Anxiety Attacked My Life—Here’s How Exercise Helped Me Fight Back
Peering over a copy of Us Weekly, I assessed the germs floating around the infirmary’s waiting room. There wasn’t a safe seat in the house. I was in the trajectory of patient zero’s phlegmy cough, and perilously positioned next to the human snot factory’s incessant sniffs and sneezes. If I wasn’t ill already, I would be by the time I left—I just knew it.
This particular visit was for a bump I found on the back of my neck. Convinced it was meningitis, I rushed to the doctor’s office only to learn it was my vertebrae, not a life-threatening illness. This was one in a series of panic-provoked, WebMD misdiagnoses.
Anxiety was an unwelcome tenant in my brain that, despite years of eviction notices, wouldn’t leave.
That's because I suffered from anxiety. It was an unwelcome tenant in my brain that, despite years of eviction notices, wouldn’t leave. That's also the case for millions of Americans. “About 20 percent of Americans meet the criteria for a generalized anxiety disorder (GAD) diagnosis,” says Kristin Taylor, PhD, a licensed clinical psychologist specializing in the treatment of anxiety disorders. This statistic does not represent other forms of anxiety disorder such as panic, OCD, social phobias, illness anxiety, and PTSD.

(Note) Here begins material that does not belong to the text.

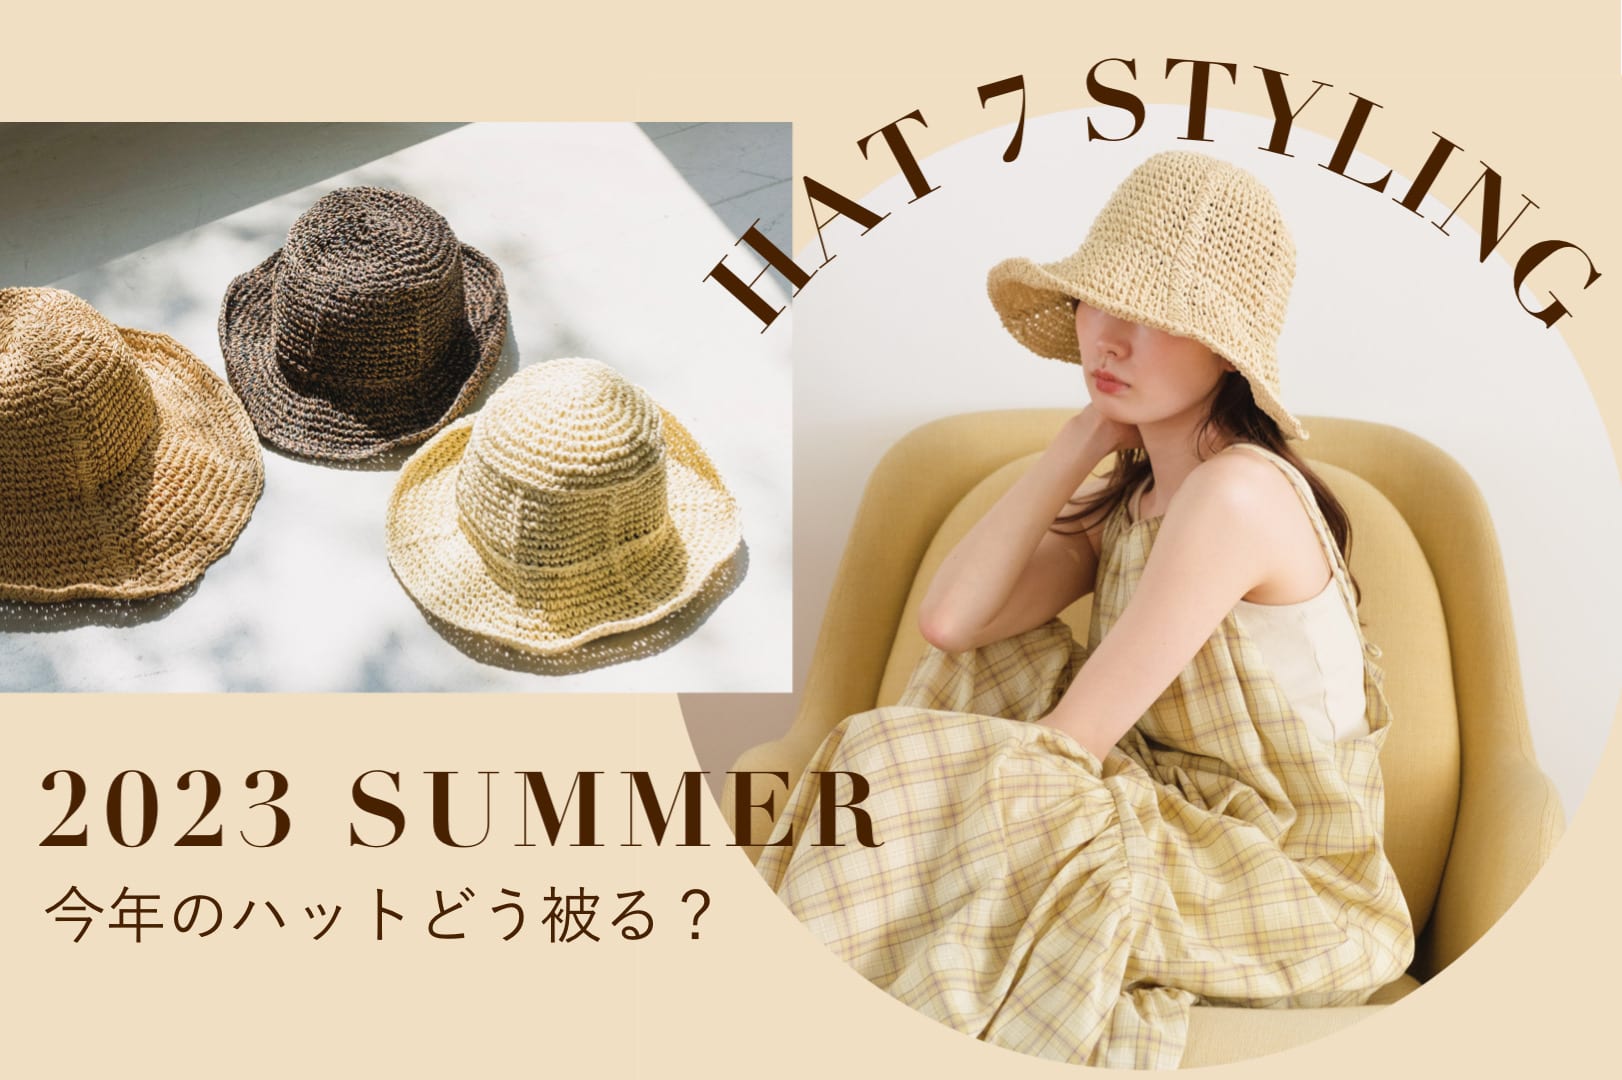 Kastane HAT 7stylings -どう被る？今年のハット-

I realized that to manage my anxiety, I needed a set of tools. Anti-anxiety medication, while literally life-saving for some people, wasn't where I wanted to begin. So I experimented with a three-pronged program for my body and mind. First, I practiced daily healthy habits like cardio, strength training, eating three meals a day, and getting eight hours of sleep each night. Secondly, I logged my progress. Lastly, I connected with a cognitive behavioral therapist who guided me through an extensive set of exercises to help with catastrophizing, positive self-talk, and exposure.
I realized that to manage my anxiety, I needed a set of tools.
This approach allowed me to start regaining ownership over my brain and body—and, in time, my workouts became my go-to guard against panic attacks. “Creating healthy habits is a great starting point for coping with GAD," Dr. Taylor says. "Fitness doesn’t come with a lot of side effects or cost-related restrictions." So why not try using your body to help your mind?
Here's my fitness-driven, tension-taming trifecta—it might help you, too.
1. Take a breather
Worrying makes us woozy. Anxiety triggers shallow, rapid breathing, which causes hyperventilation and lightheadedness. “Exercises that have a breathing component like meditation are very helpful for anxiety reduction,” Dr. Taylor says.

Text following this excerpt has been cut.